> Problem to solve
Would you return the listing exactly as written, apart from its pictures?

> Dataset excerpt

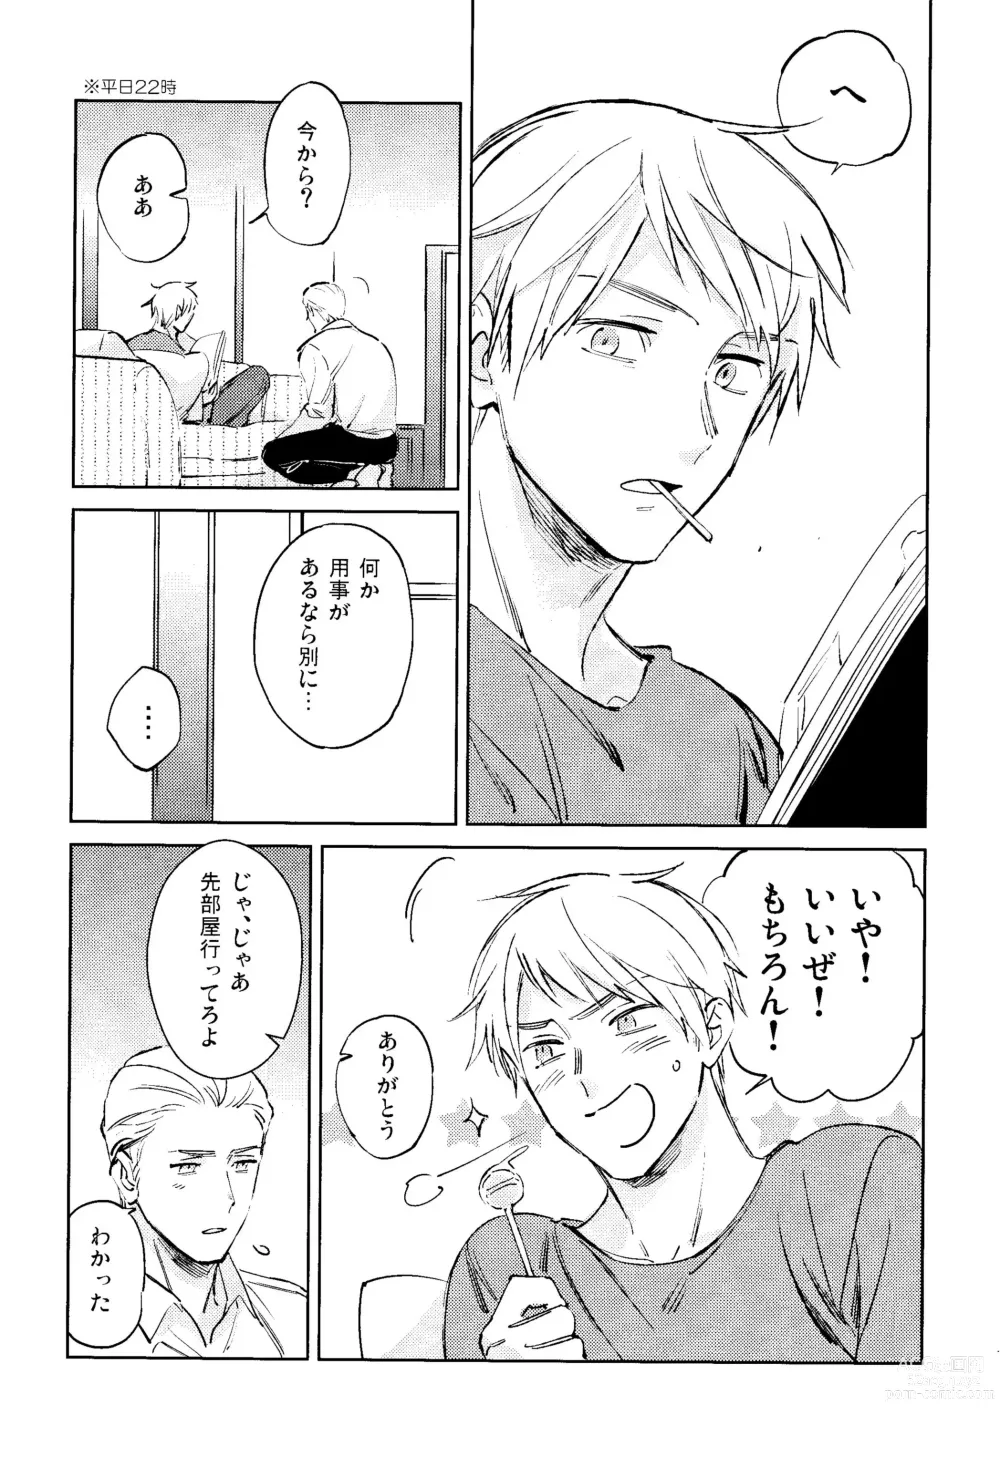 Page 9 of doujinshi Toge
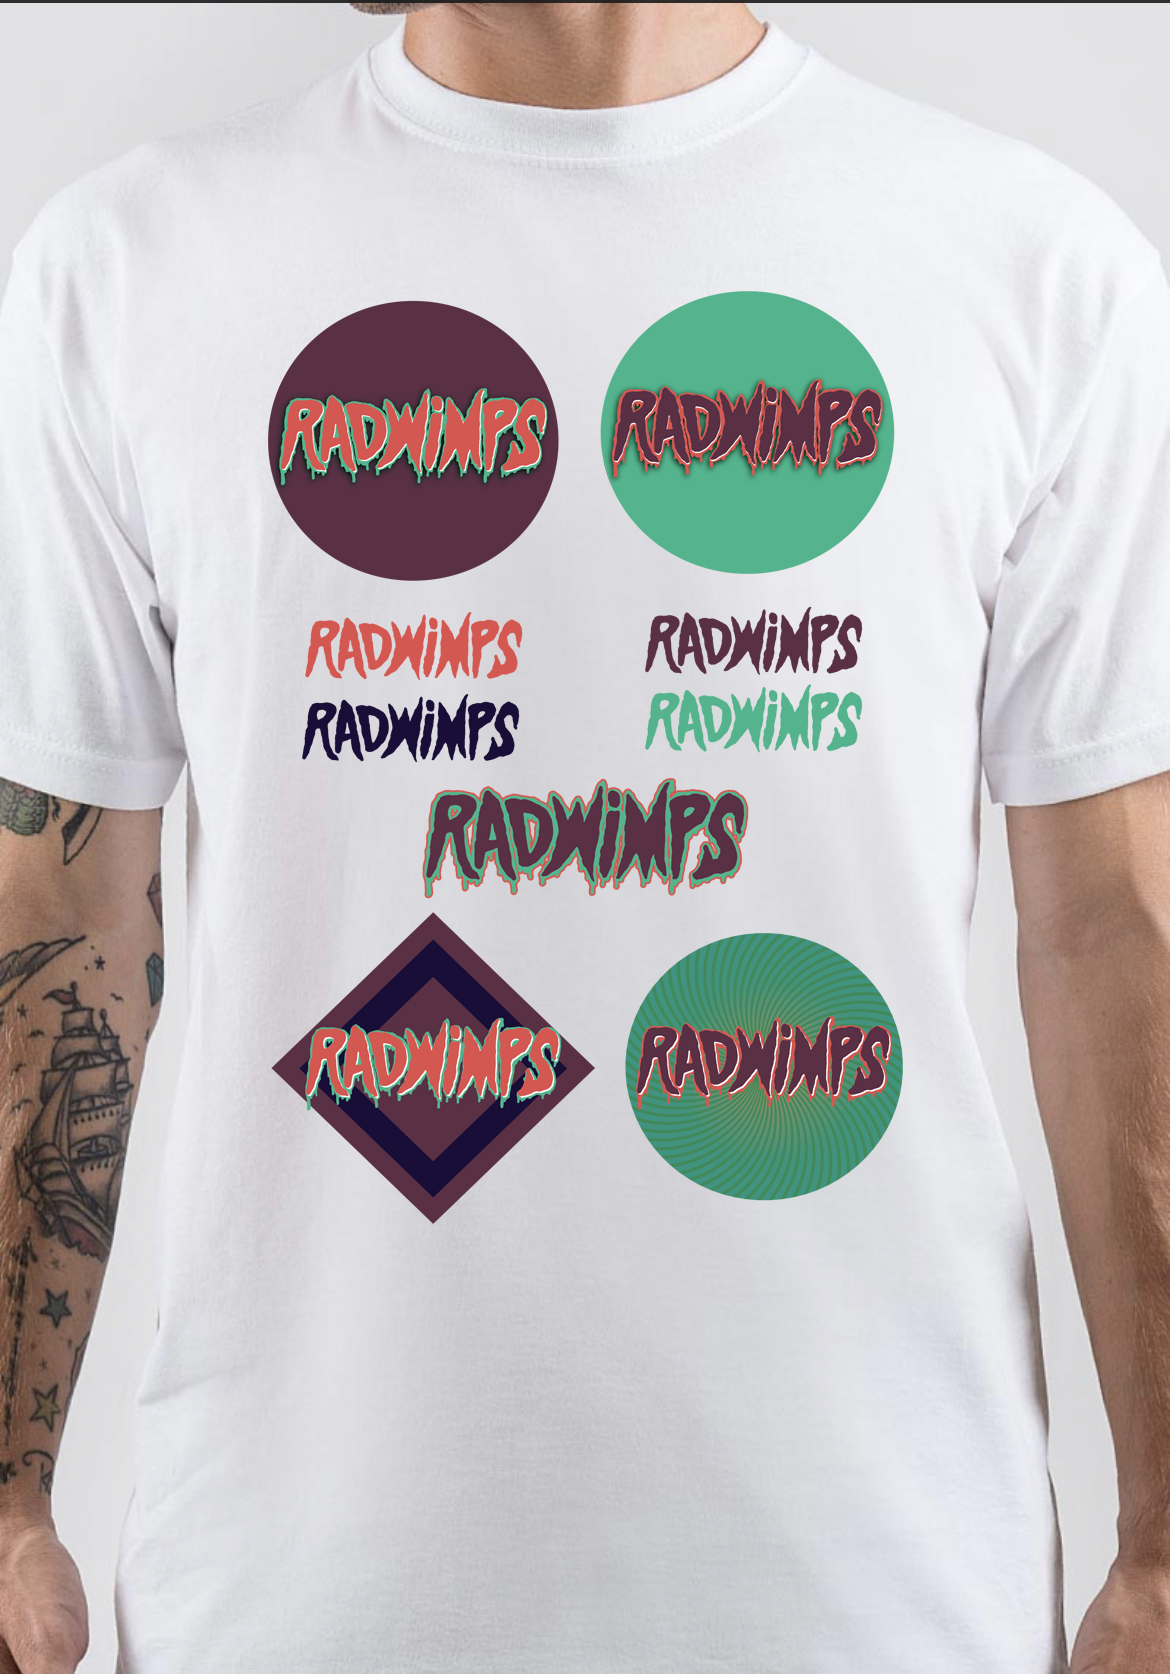 Radwimps T-Shirt And Merchandise
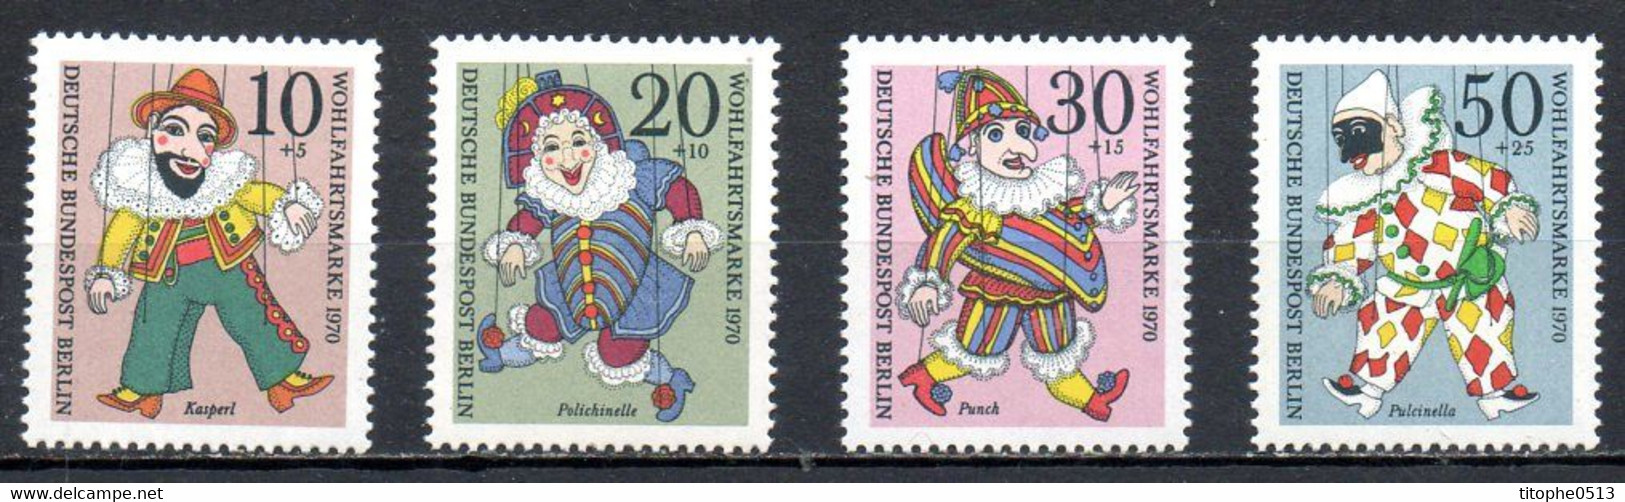 ALLEMAGNE BERLIN. N°335-8 De 1970. Marionnettes. - Marionetten

> Solution to this exercise
 Page 9 of doujinshi Toge
 Radwimps T-Shirt And Merchandise
 ALLEMAGNE BERLIN. N°335-8 De 1970. Marionnettes. - Marionetten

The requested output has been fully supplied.